I sourced much of my knowledge from the FHS (supplemented by information from other sources as well). If you’d like to know more or learn about a directory I did not cover here, seek out this standard for more information.
Archaism
When you learn about Linux, it’s important to understand that it continually evolves since its release almost 30 years ago. As a result, archaic design decisions may persist alongside newer iterations of the same idea.
For example, /proc
started as a virtual filesystem to contain information about running processes. Over time, it exposed system-level data as well (ex. cpuinfo
, etc.). Since this cluttered /proc
’s original focus on individual processes, /sys
was created to house system-level data exclusively. Though, a lot of the same system-level data still exists in /proc
to maintain compatibility with programs that expect it there.

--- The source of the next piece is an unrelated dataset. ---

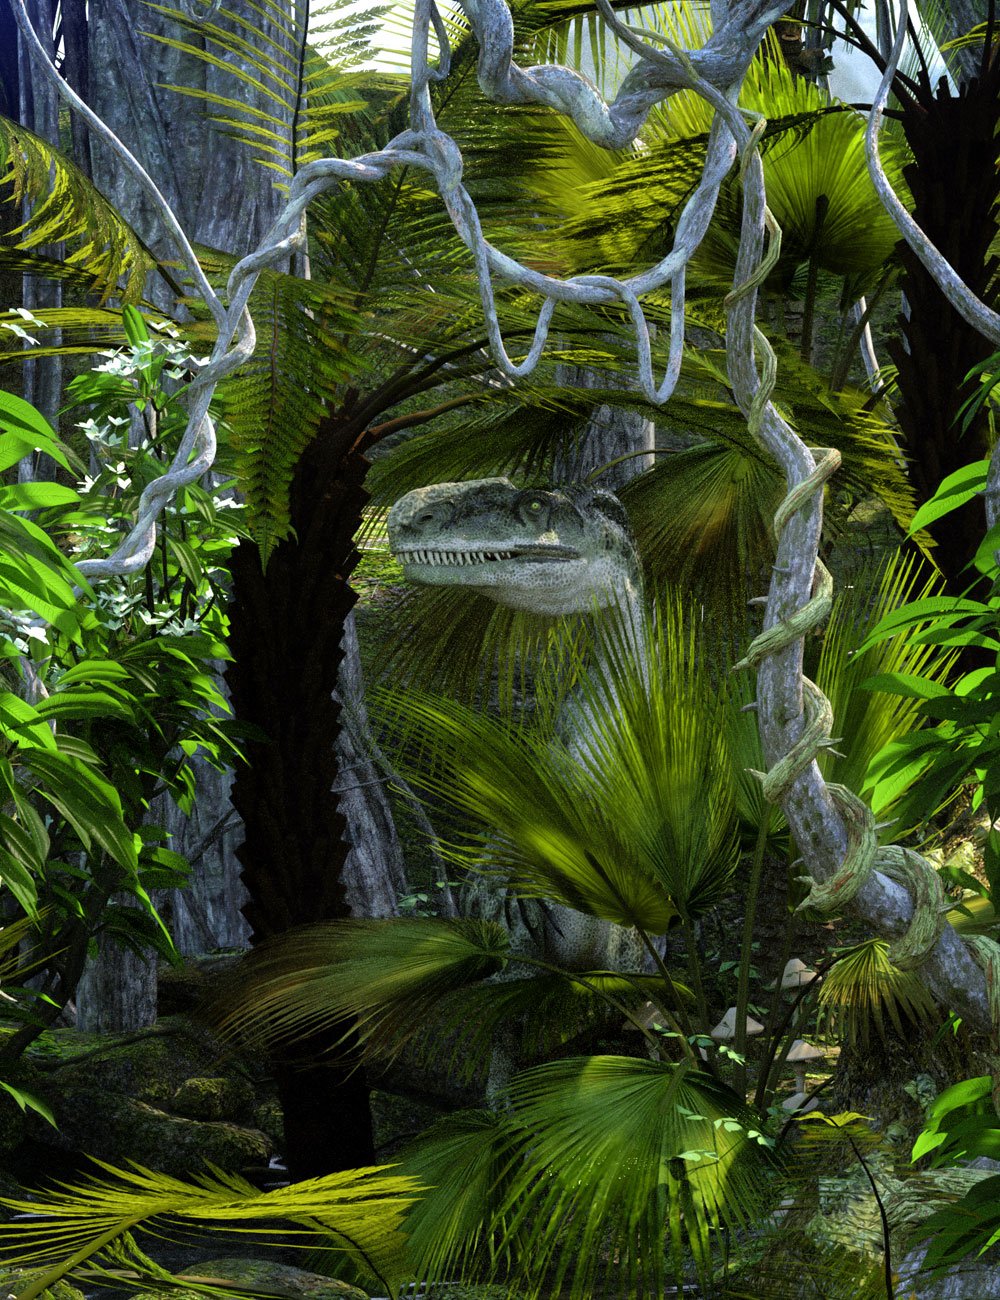 Tropical Plants for Daz Studio Vol 2 by: MartinJFrost, 3D Models by Daz 3D

Linux was not immediately created in its final form, and often lives in a transitional state between old and new ideas. So if the distinction between certain directories feels unclear, it may be a result of this continual evolution.
Beyond the context of Linux, archaism is everywhere.
JavaScript was popularized as the language that all browsers understand despite its notorious reputation. To address the flaws of JavaScript, TypeScript was invented: a language that sits “on-top” of JavaScript. If you did not know the history of JavaScript as the arbitrarily-standard language of all browsers, the fact that TypeScript compiles to JavaScript might seem incredibly bizarre. Only recently did we standardize WebAssembly, an assembly language for the web, that lets browsers break ties with JavaScript entirely!
My point is that almost no standardized software was made in its perfect form. In order to maintain backwards compatibility while iterating towards a better future, icky bits of archaism may hang around longer than we like.
The realization that software is incredibly human has vastly improved my ability to synthesize new information and empathize with the way things are rather than the way they should be. The sooner you realize this, the clearer the picture becomes and the better of a software engineer you will be.